Task: The lines below, from the one holding "Zeichnen lernen Ausmalbilder Weihnachten" through the one holding "MacBook Air 2020 specs", are to be restated word for word, with all images left out.

Material for this exercise:

+---+

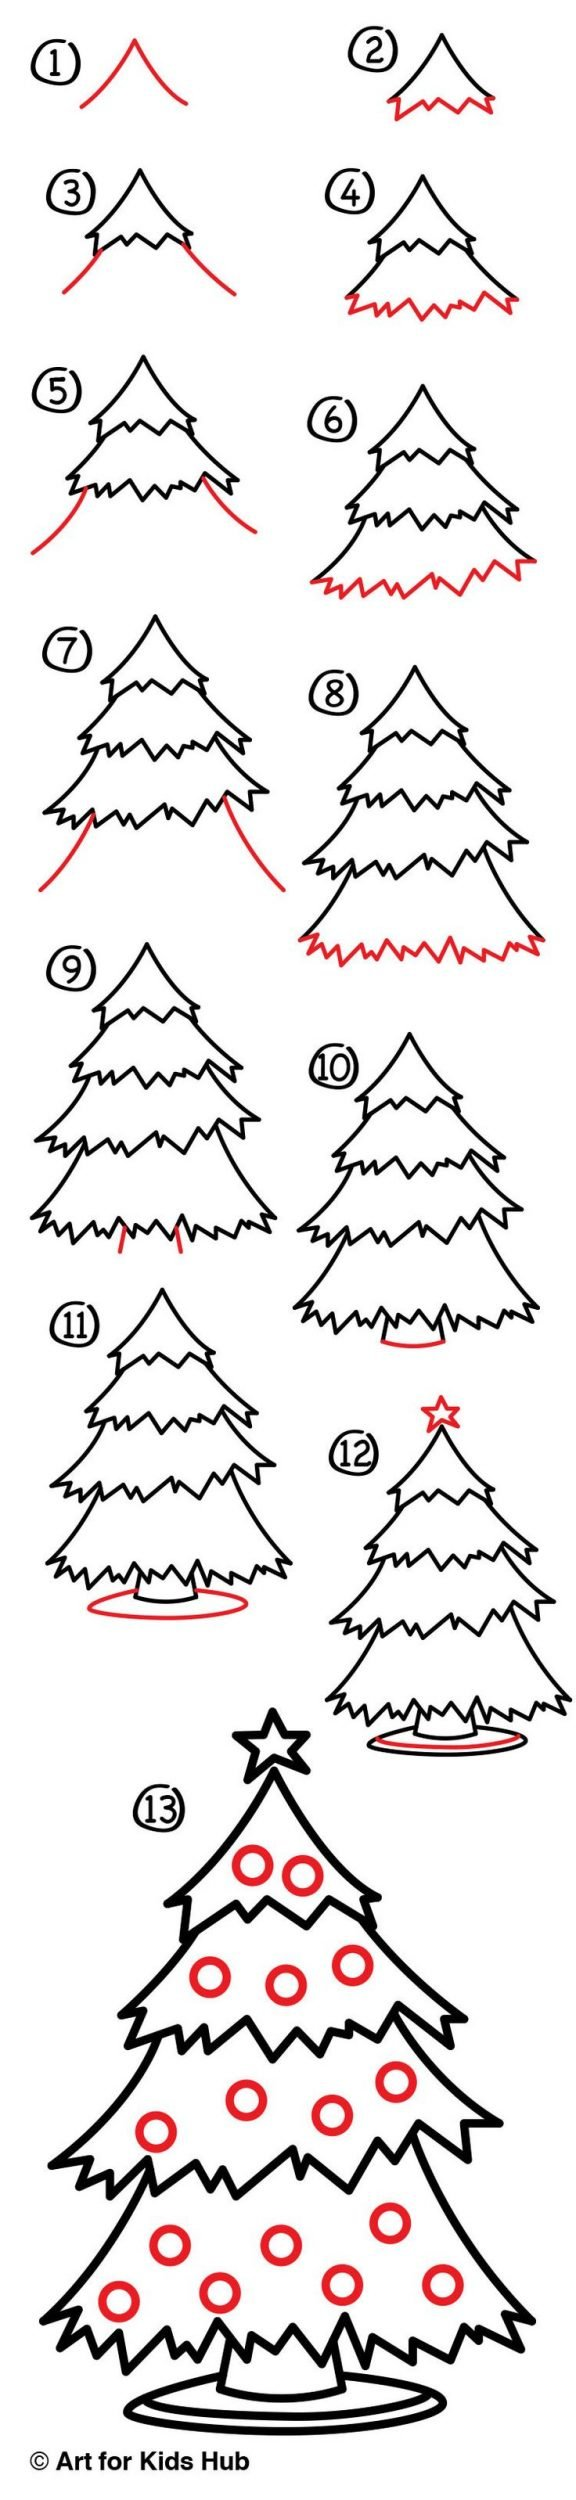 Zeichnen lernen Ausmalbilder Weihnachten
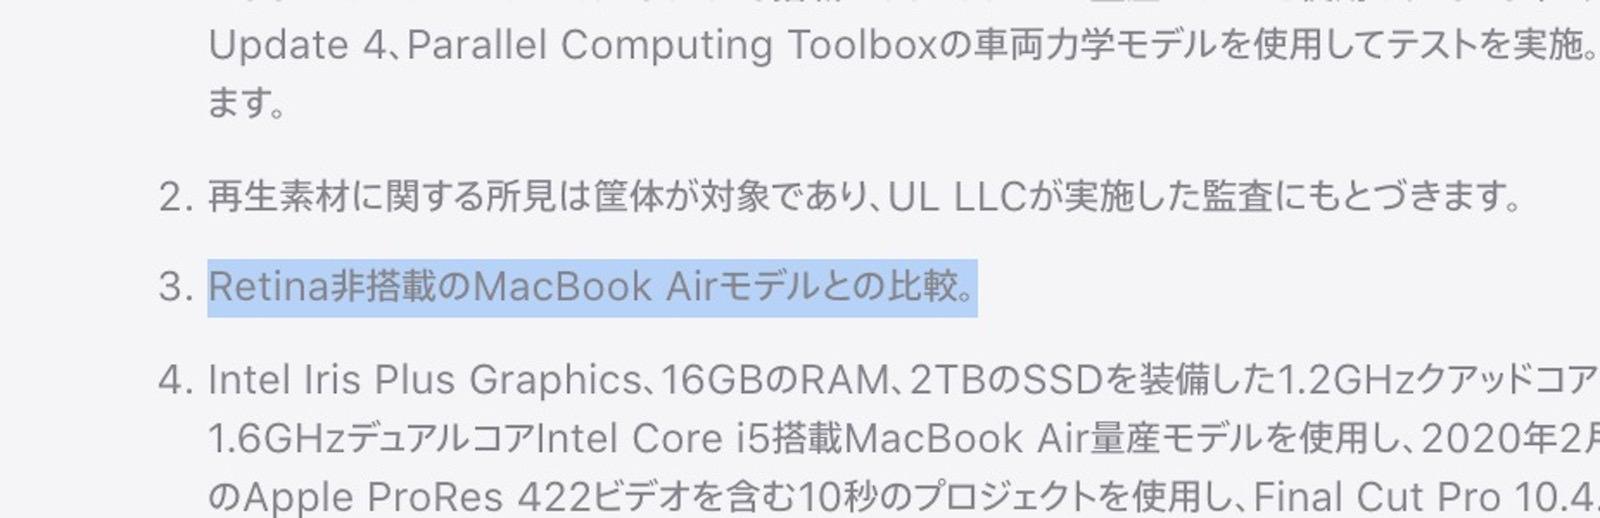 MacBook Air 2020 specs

+---+

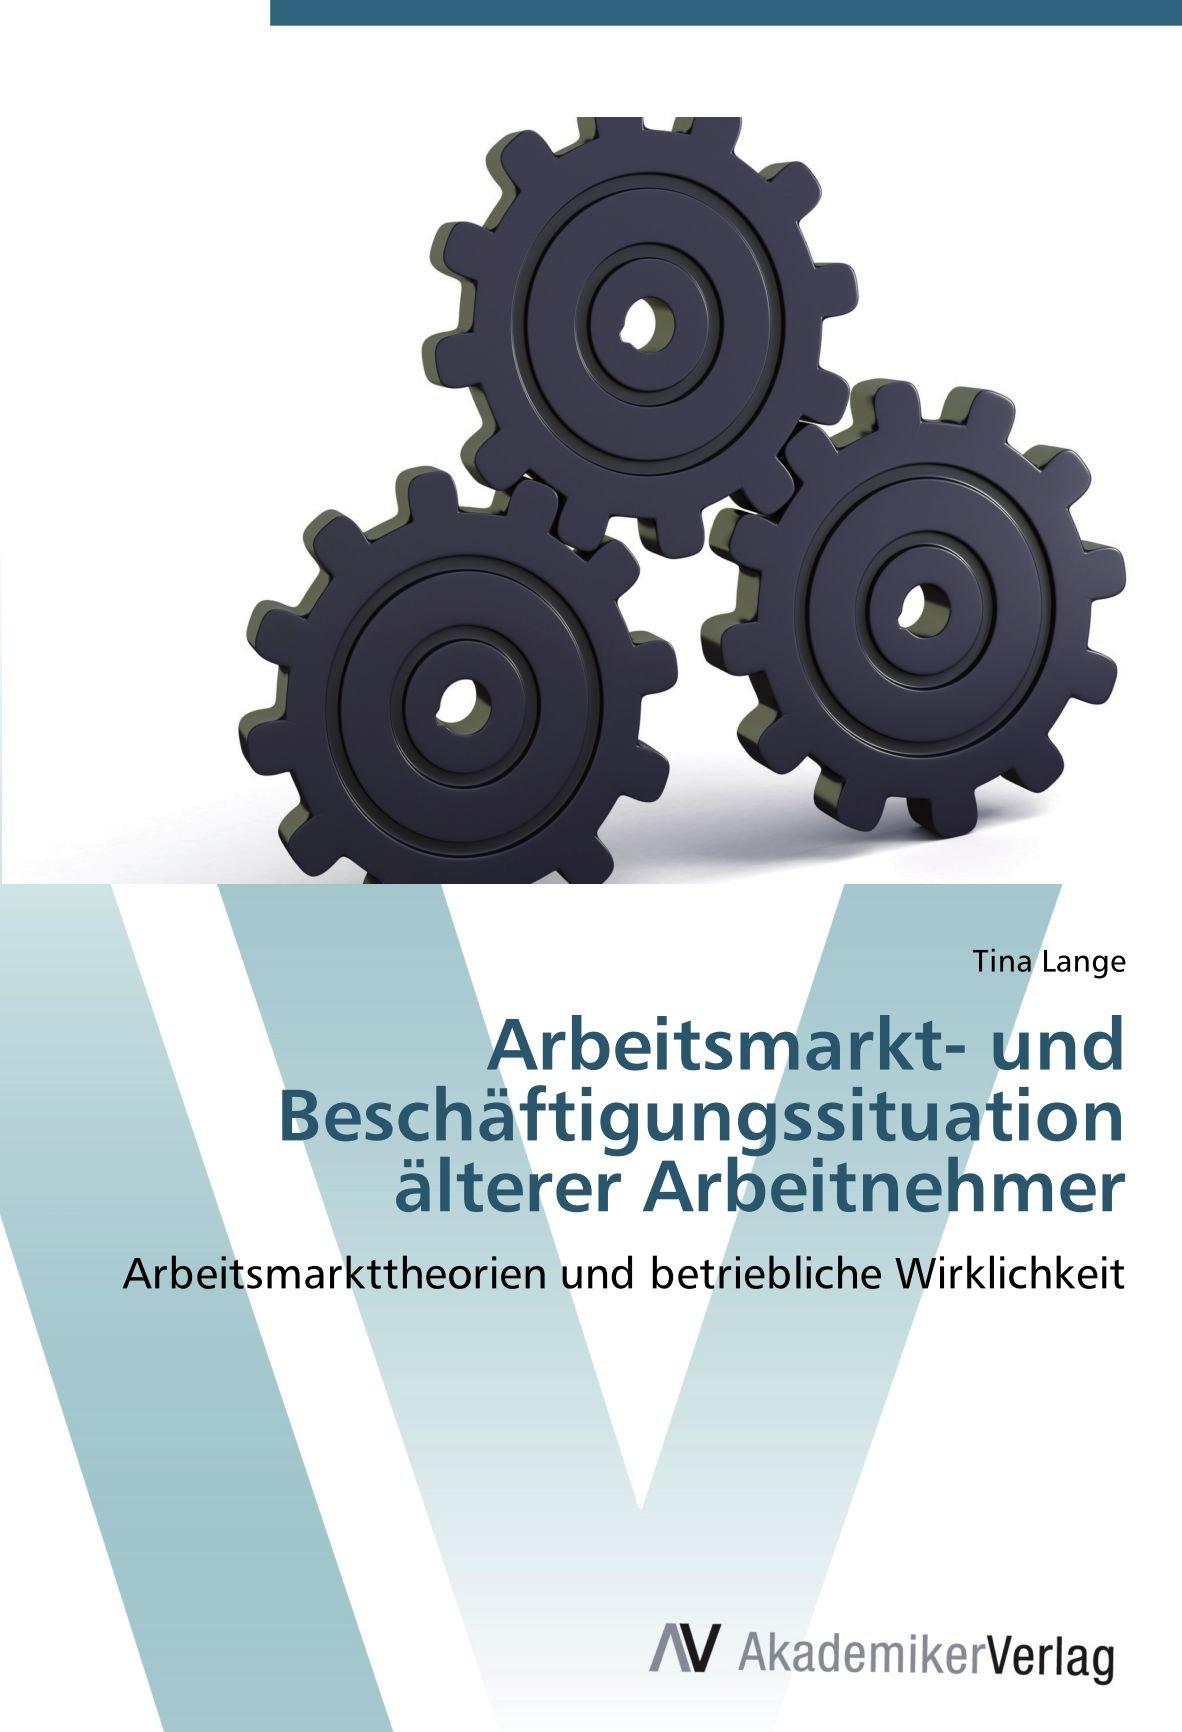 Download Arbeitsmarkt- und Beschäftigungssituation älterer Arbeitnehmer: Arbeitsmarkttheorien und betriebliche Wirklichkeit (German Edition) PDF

+---+

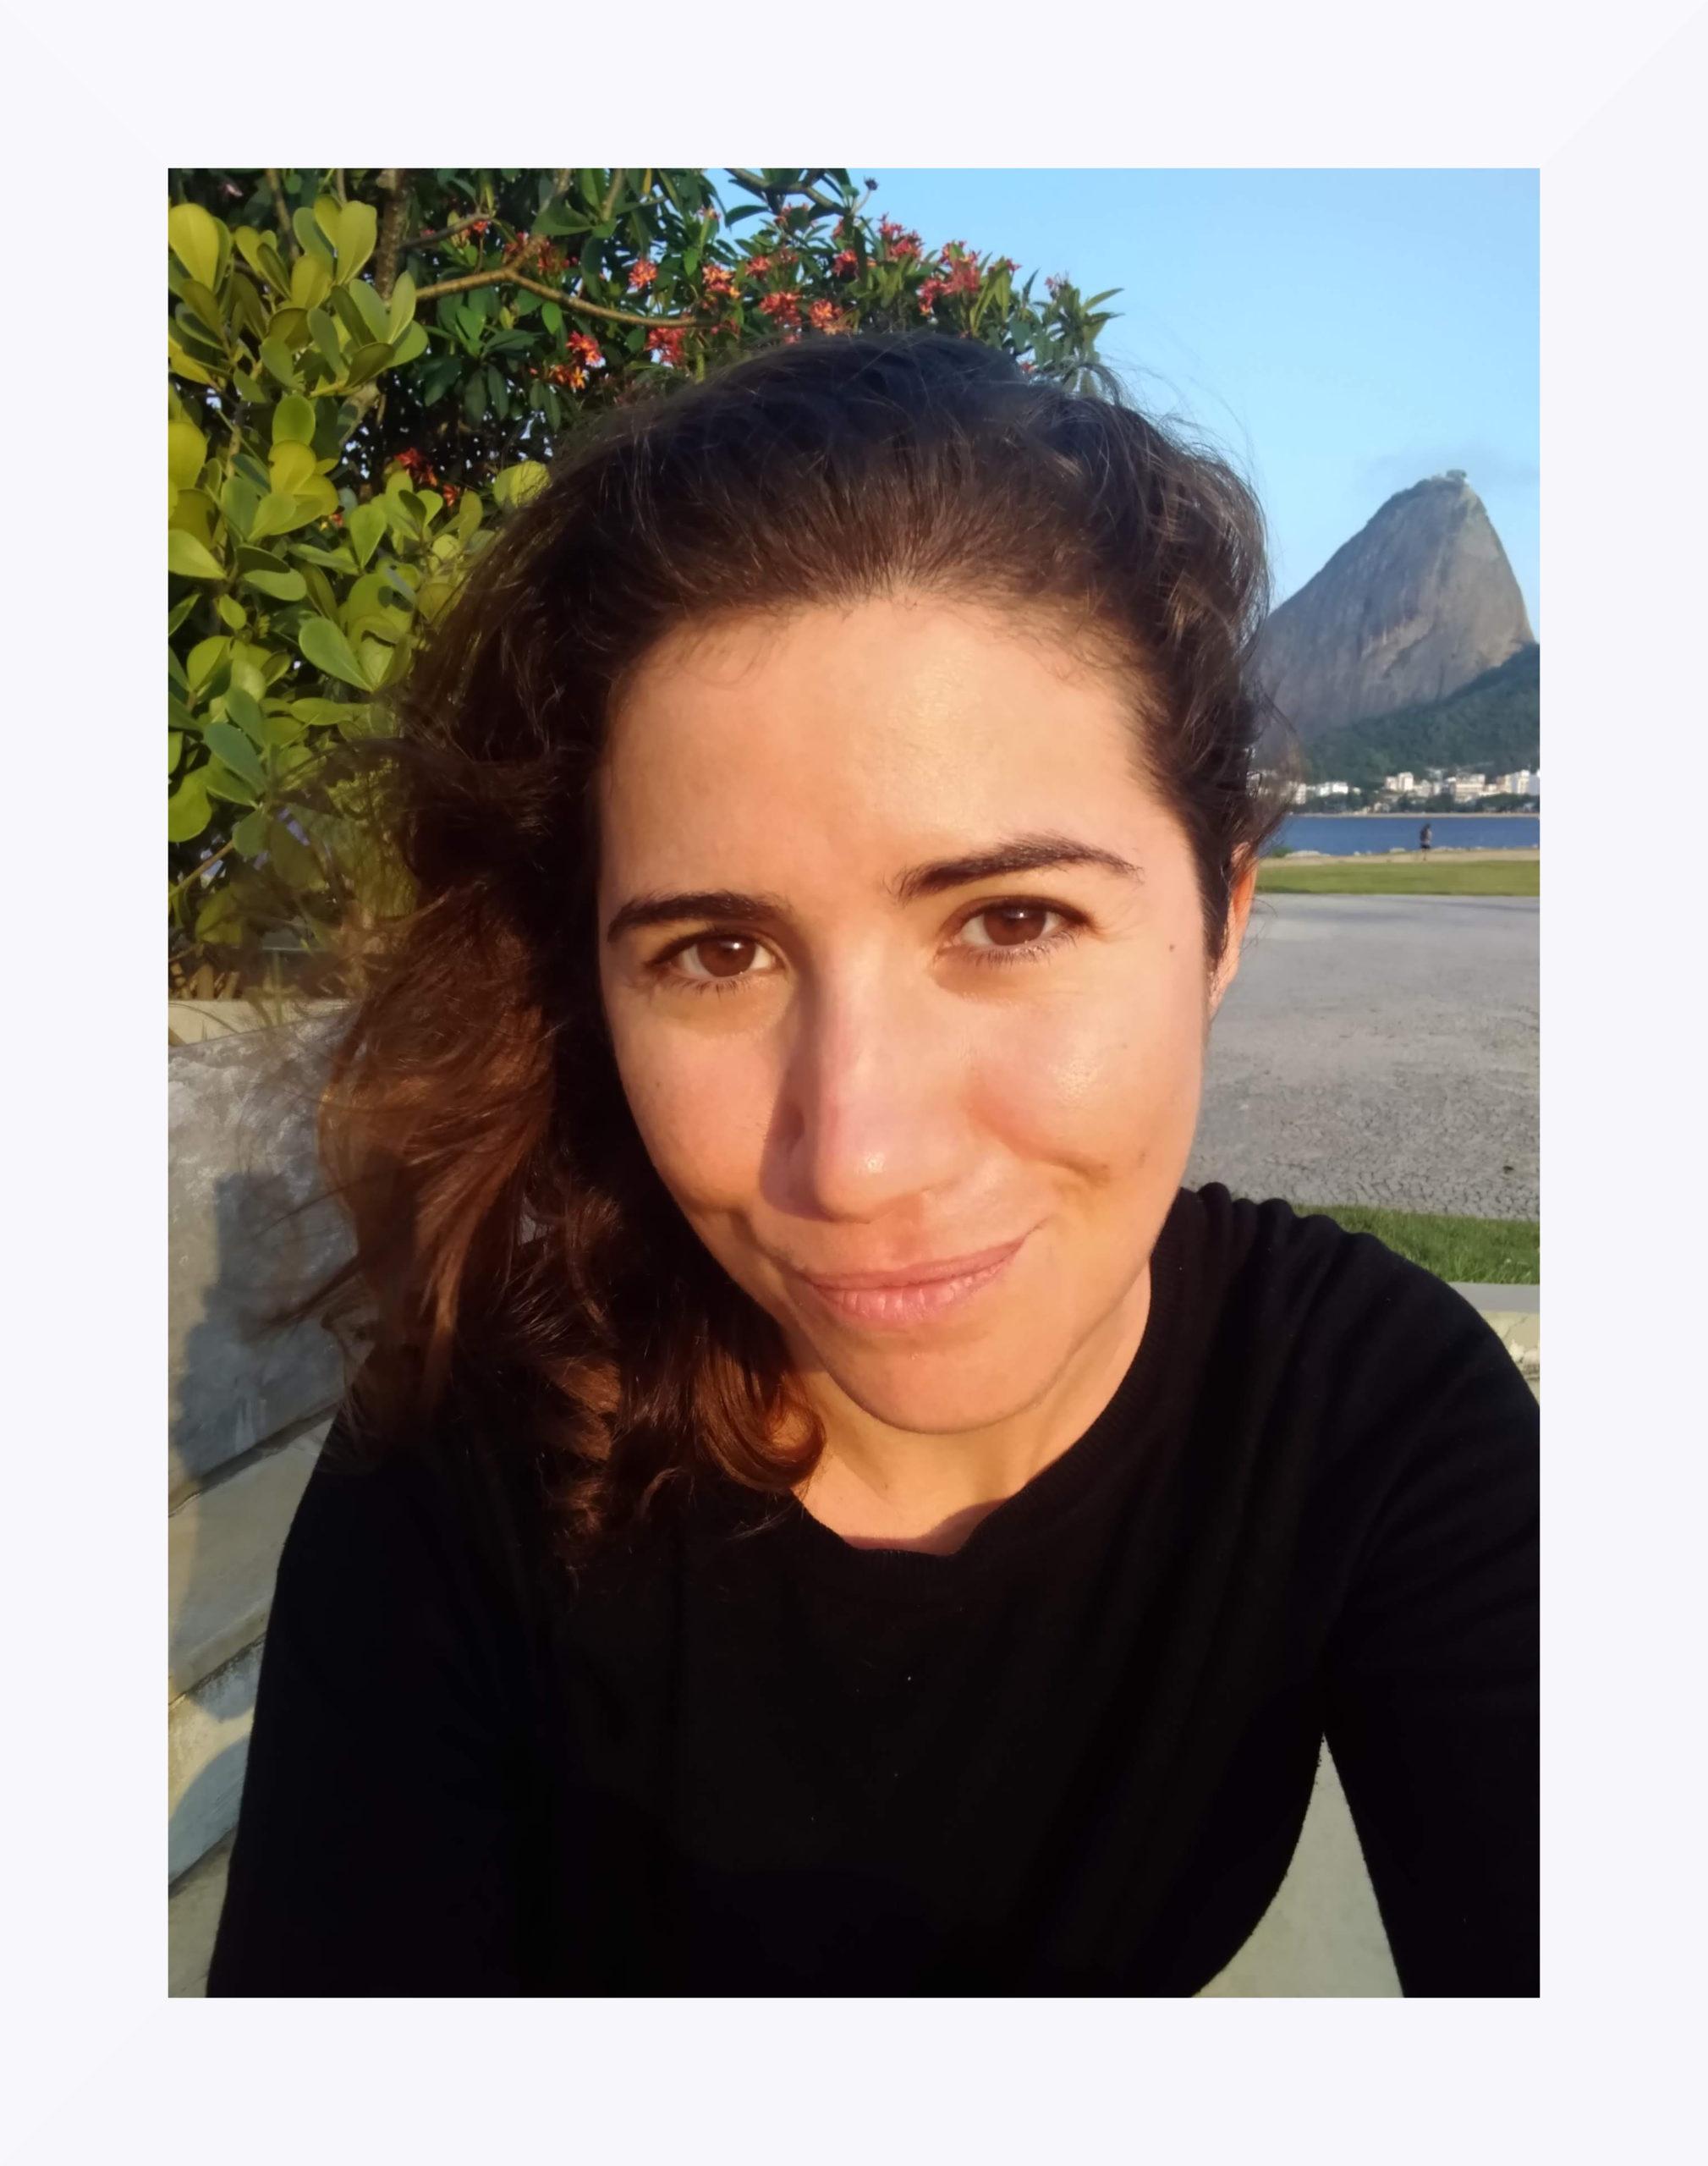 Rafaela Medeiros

+---+

Exercise answer:
 Zeichnen lernen Ausmalbilder Weihnachten
 MacBook Air 2020 specs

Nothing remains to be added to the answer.